Sama siebie pytam, czy rzeczywiście jest możliwe, abym dwa lata wcześniej wdrapała się na szczyt tamtej widocznej stąd wielkiej góry, bo to tam stary monastyr Panagia Kalamiotissa
Z tej strony wyspy gdzie monastyr morze ma piękny kolor i tak pięknie łączy się z kolorami wyspy
Mury nowego monastyru
Zupełnie niedaleko monastyru znajduje się plaża Monastiri
Kościółek, a po obu stronach skały, na której jest posadowiony, plaże
Po prawej stronie kościółka piaszczysta plaża Aghii Anarghiri z takim przepięknym zielonym kolorem wody, kilkoma wypoczywającymi osobami i biegającym psem
Po lewej stronie – plaża kamienista, a ja nie wiem czy można się do niej dostać inaczej niż z morza
W porcie pracuje się nawet późnym wieczorem
Ładne zestawienie kolorów: to kopuła kościoła w nowym monastyrze
Często zatrzymuję się by zrobić zdjęcia starym, dziwnym nieco, niewielkim budowlom: to piece, po prostu piece, w których kiedyś wypiekano chleb
Chora widoczna z głównej drogi
Droga po wyspie wije się niczym wąż
To cały czas jest jedna droga
Kolejny piec- zachwycałam się nimi!
Pojadę i w drugą stronę wyspy, tam gdzie wcześniej nigdy nie byłam, tam, gdzie nikt nie mieszka, gdzie samotny i oślepiająco biały kościołek Agios Pandeleimon, gdzie…
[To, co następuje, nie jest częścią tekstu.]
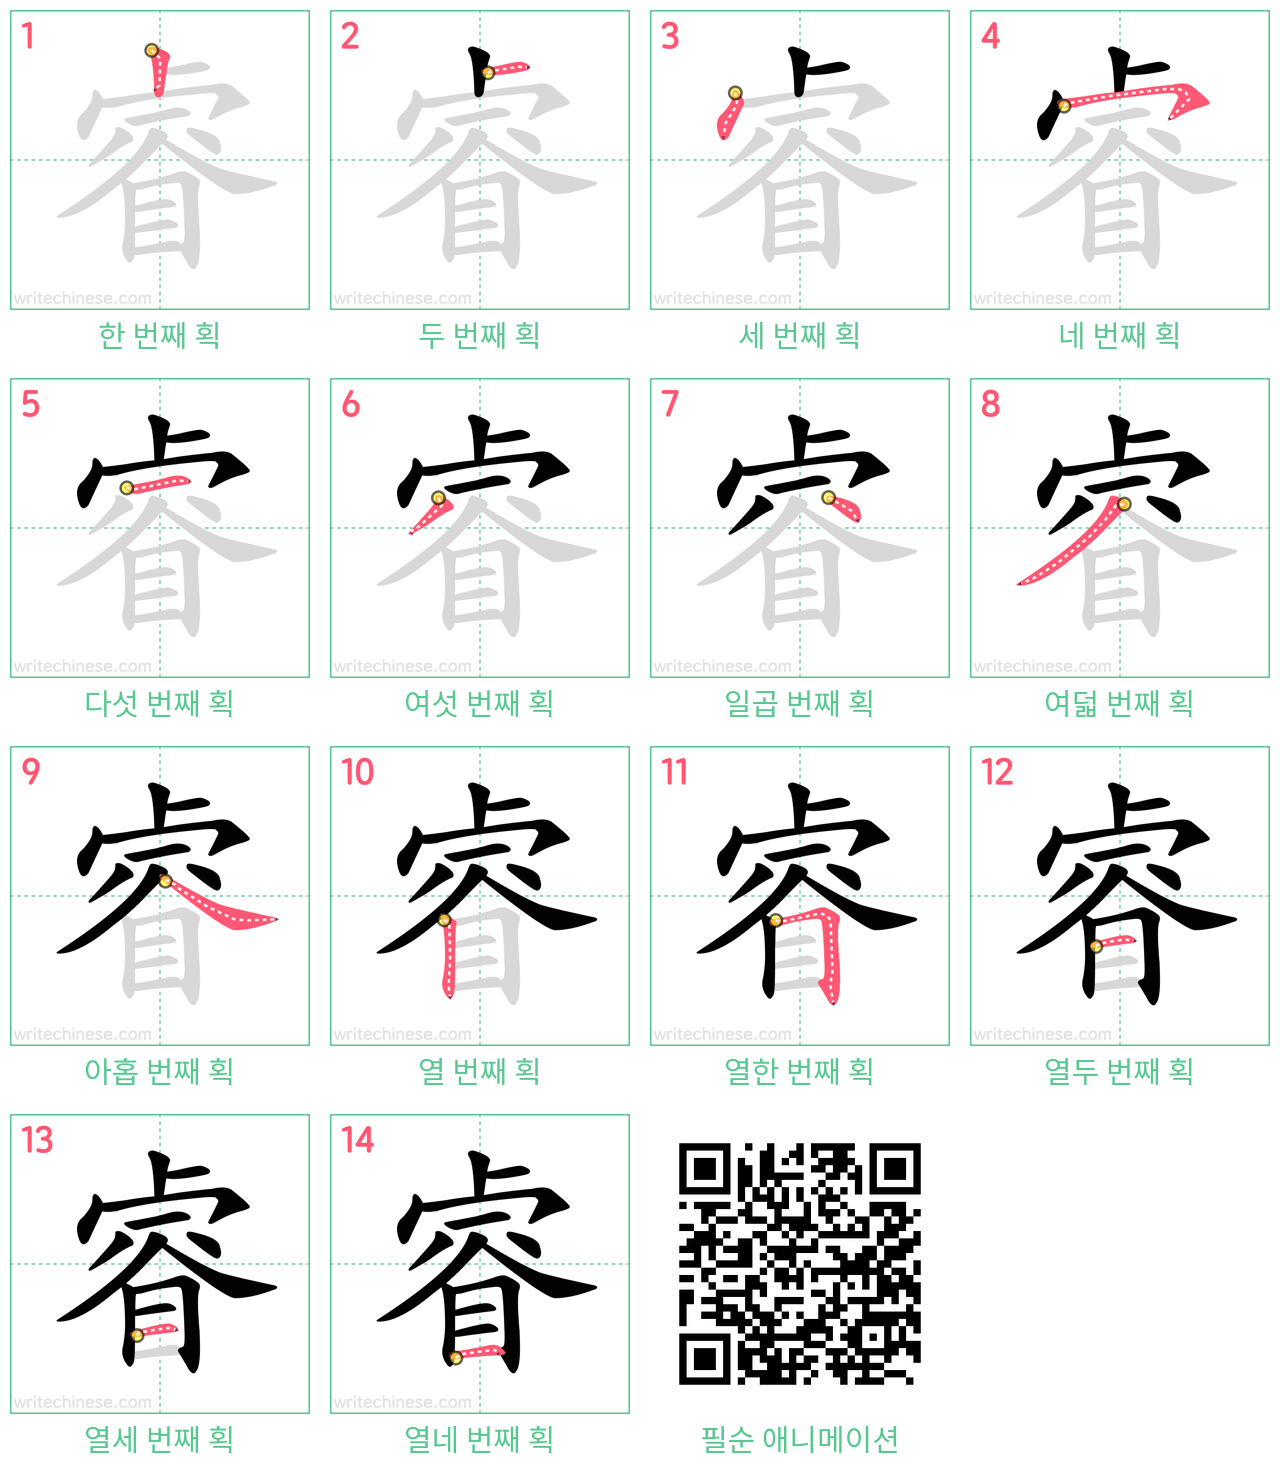 睿 step-by-step stroke order diagrams

…gdzie… nagle koniec asfaltowej drogi. Ale pojadę i dalej, teraz taką szutrową, bo ….
…bo obrałam sobie cel: plaża Prassa, która z góry wygląda niewiarygodnie malowniczo
Tak wygląda ta część wyspy, gdzie plaża Prassa
Plaża Prassa: fale tu dość silne ale pozwalam wodom boskiego Egeo dotykać moich stóp
To spojrzenie na Chorę z tej właśnie strony wyspy
Taka droga prowadzi do plaży Kyparissi
I jeszcze jedno spojrzenie na tę prześliczną wysepkę
Bardzo popularna na wyspie plaża Klisidhi znajduje się niedaleko portu
Piękny wieczór w Chorze – Grecy grają na ludowych instrumentach
Były tańce, i śpiewy… Ooo-pa!
Port wyspy Anafi widziany z pokładu promu
Port a nad nim Chora widziane z pokładu promu
Odpływam już z Anafi ale mówię jej, podobnie jak i wysepce Sikinos: do zobaczenia!